* _Directions_
Print the listing exactly as it stands, and skip any pictures in it.

* _Provided data_
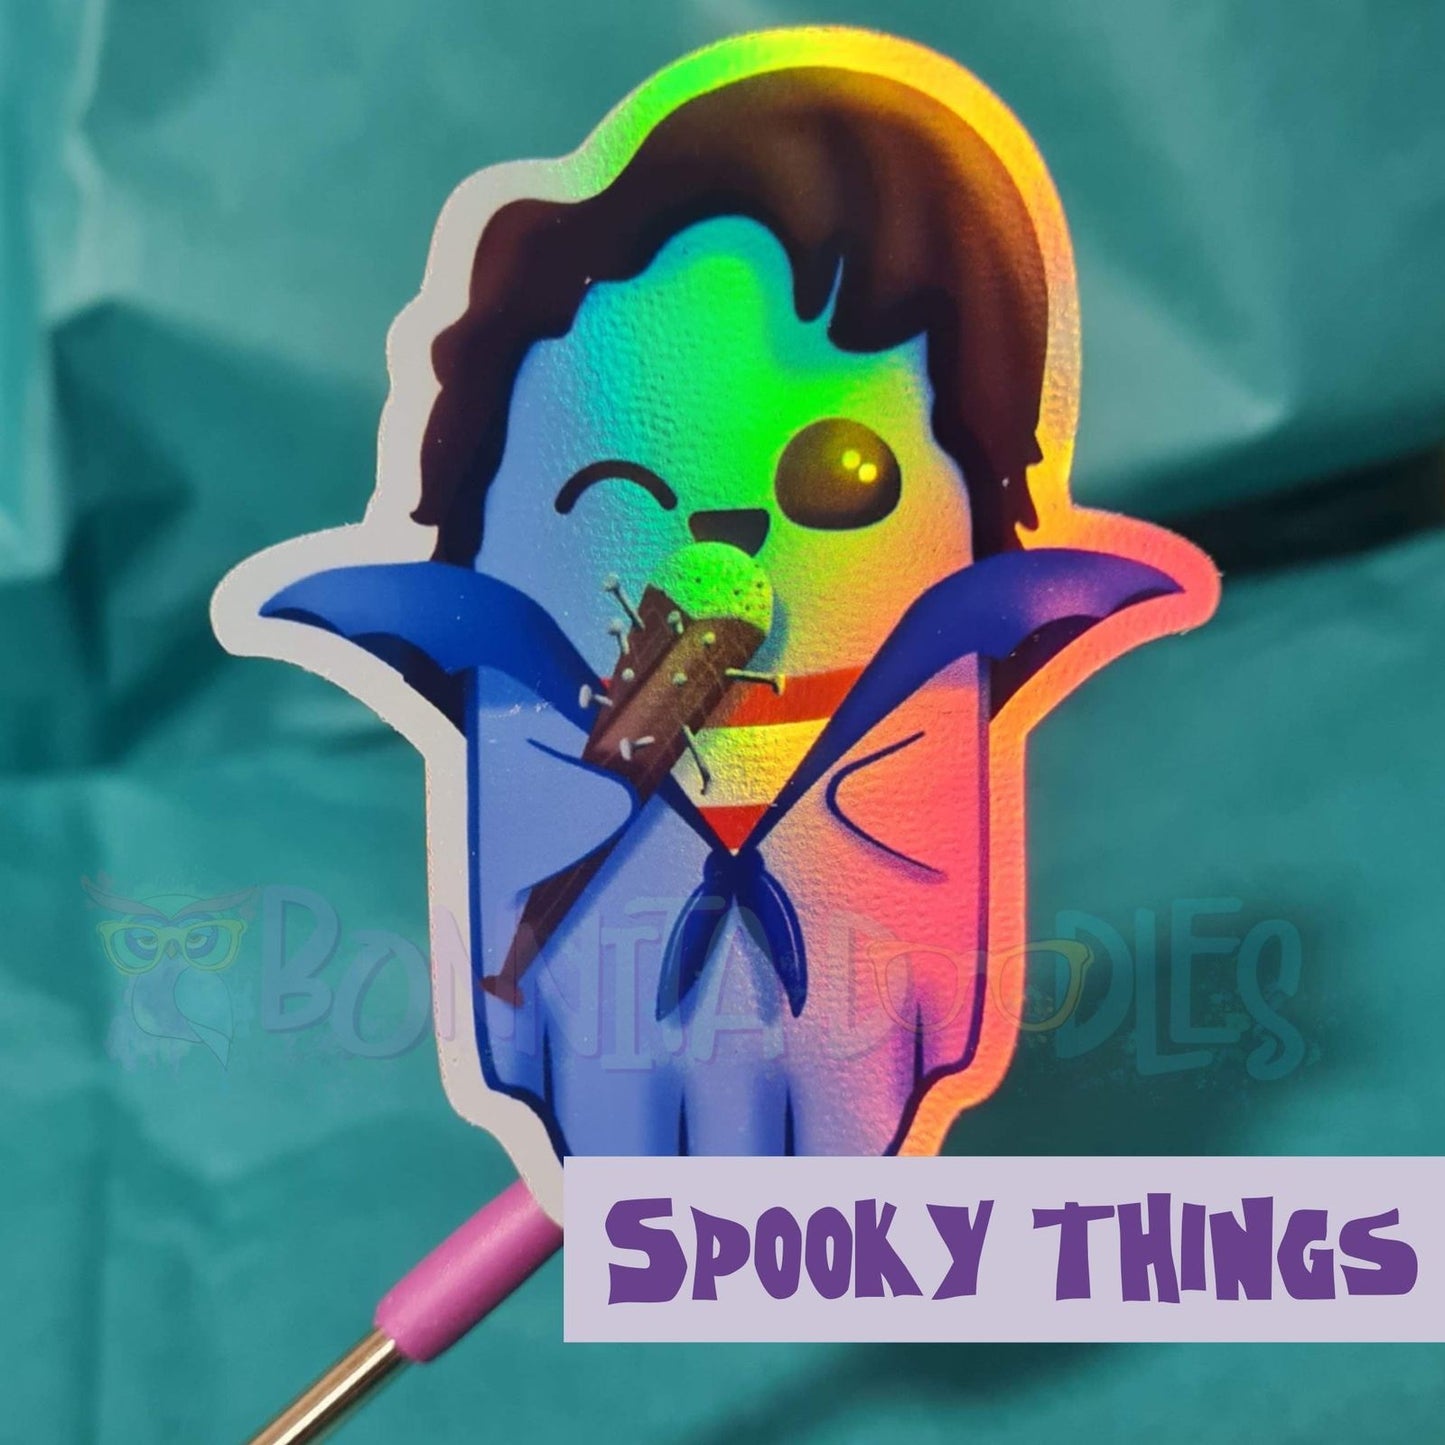 Spooky things - gang stickers- meet the crew
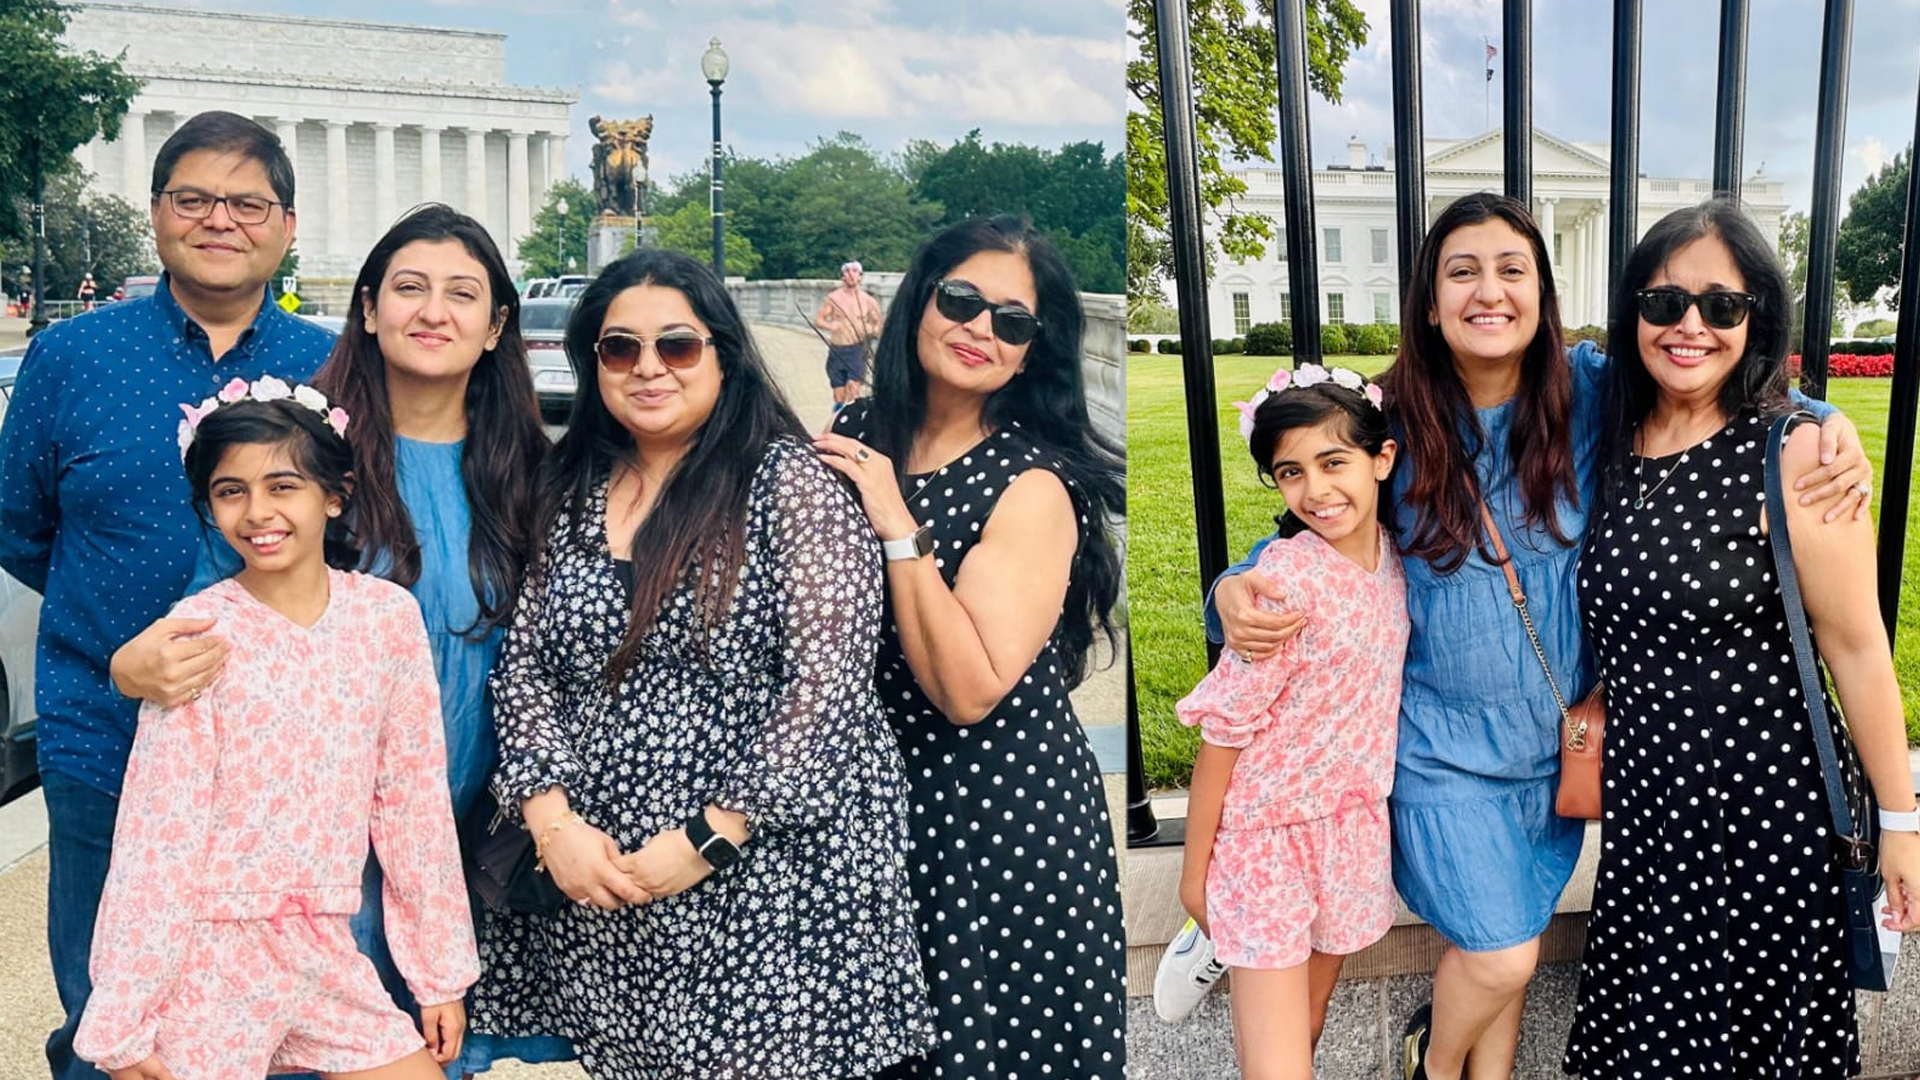 Juhi Parmar’s USA Holiday: A Touching Tale of Unexpected Help and Genuine Humanity
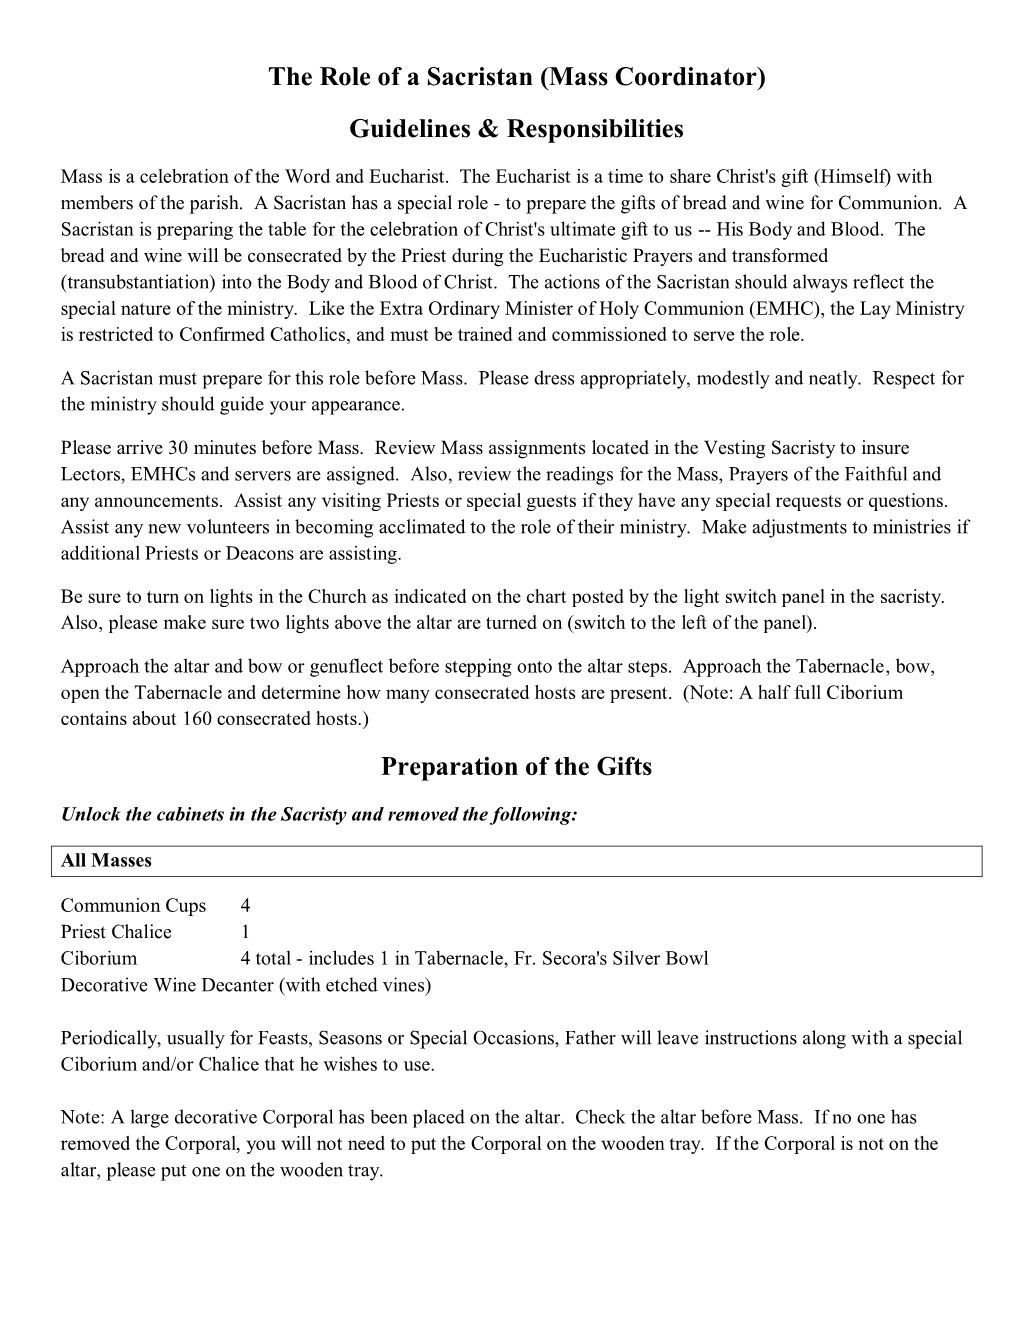 The Role of a Sacristan (Mass Coordinator) Guidelines & Responsibilities Preparation of the Gifts
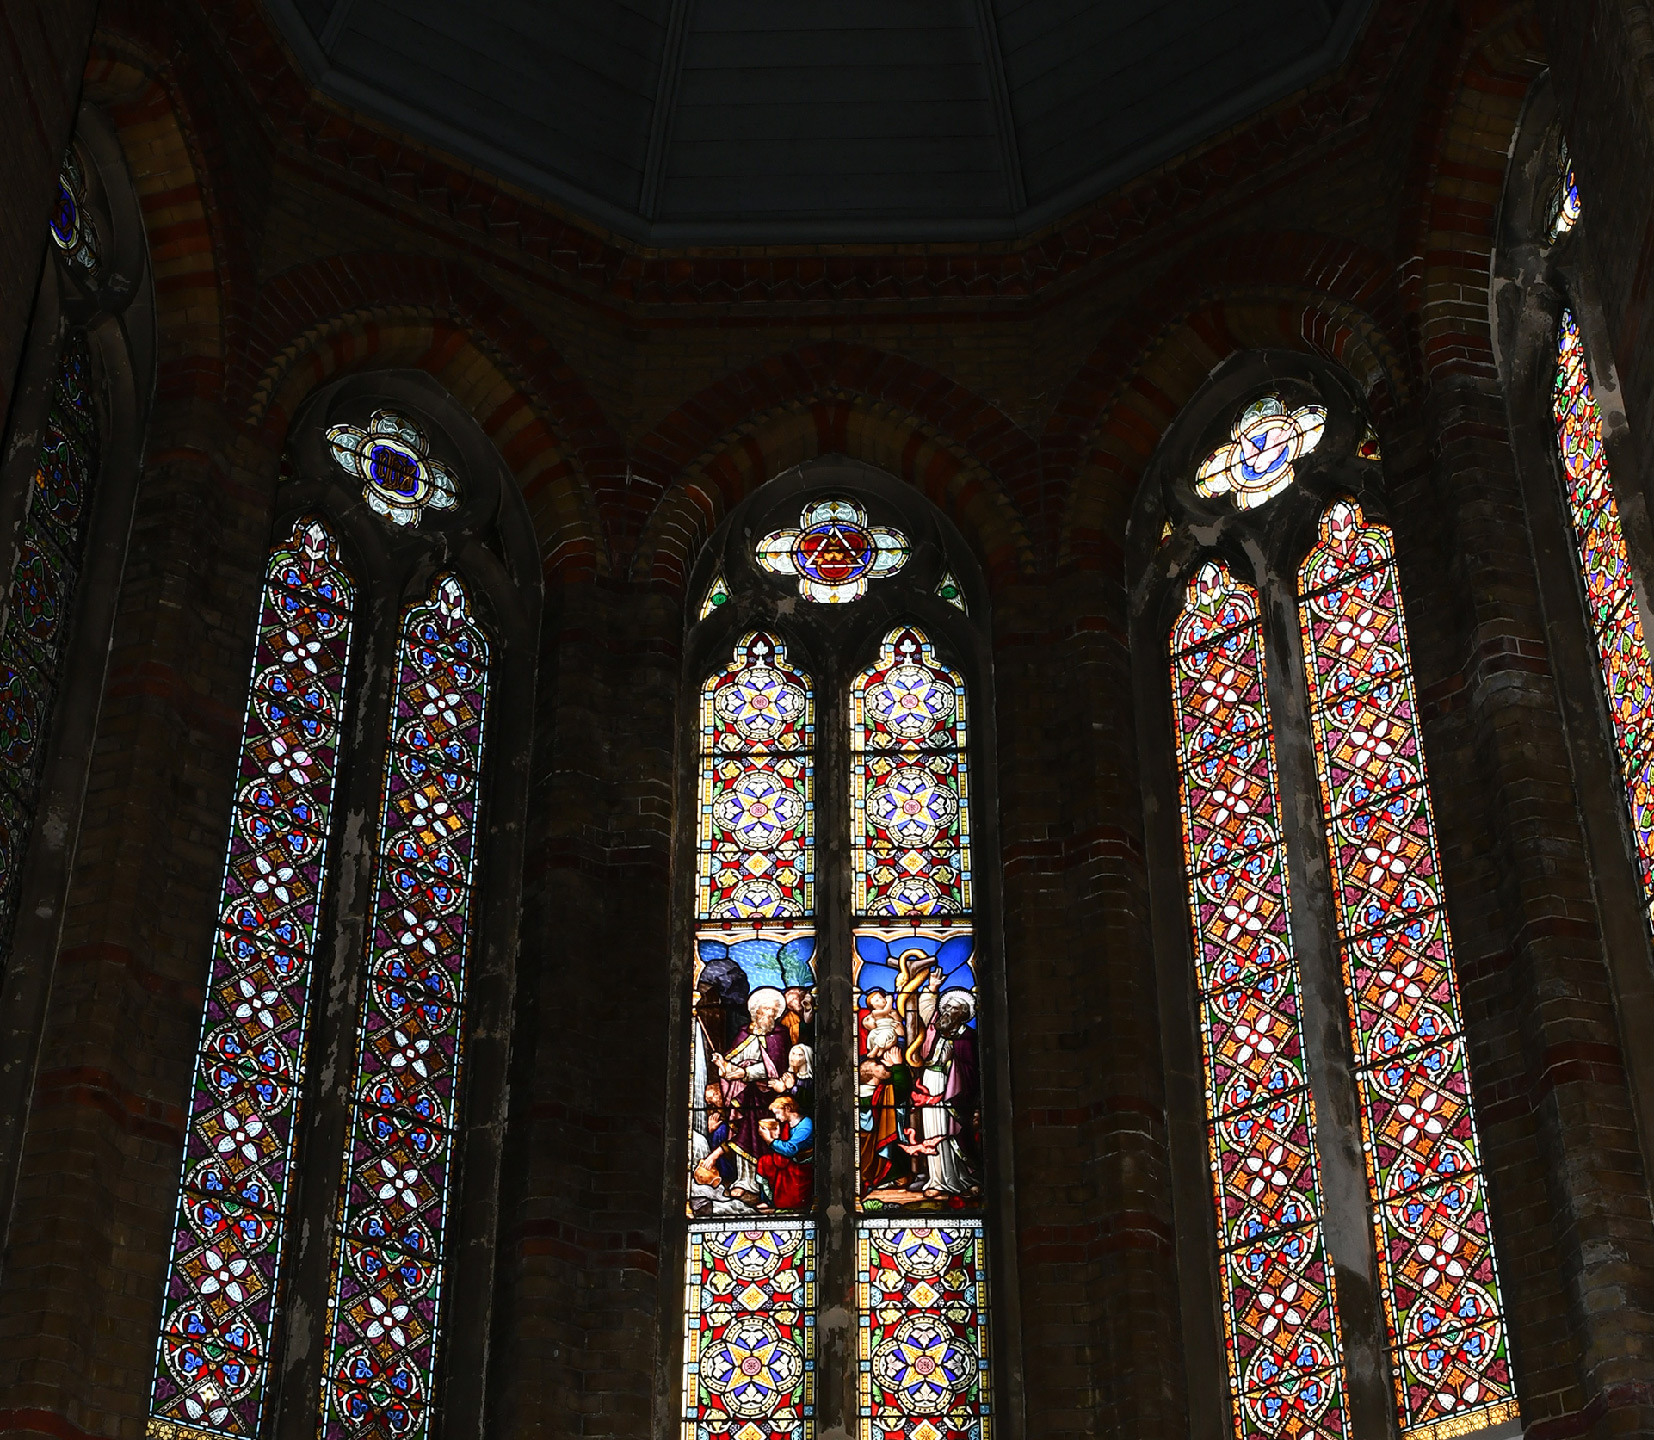 3 of the apse’s stained glass windows backlit and showing their full colour.

* _Task answer_
 Spooky things - gang stickers- meet the crew
 Juhi Parmar’s USA Holiday: A Touching Tale of Unexpected Help and Genuine Humanity
 The Role of a Sacristan (Mass Coordinator) Guidelines & Responsibilities Preparation of the Gifts
 3 of the apse’s stained glass windows backlit and showing their full colour.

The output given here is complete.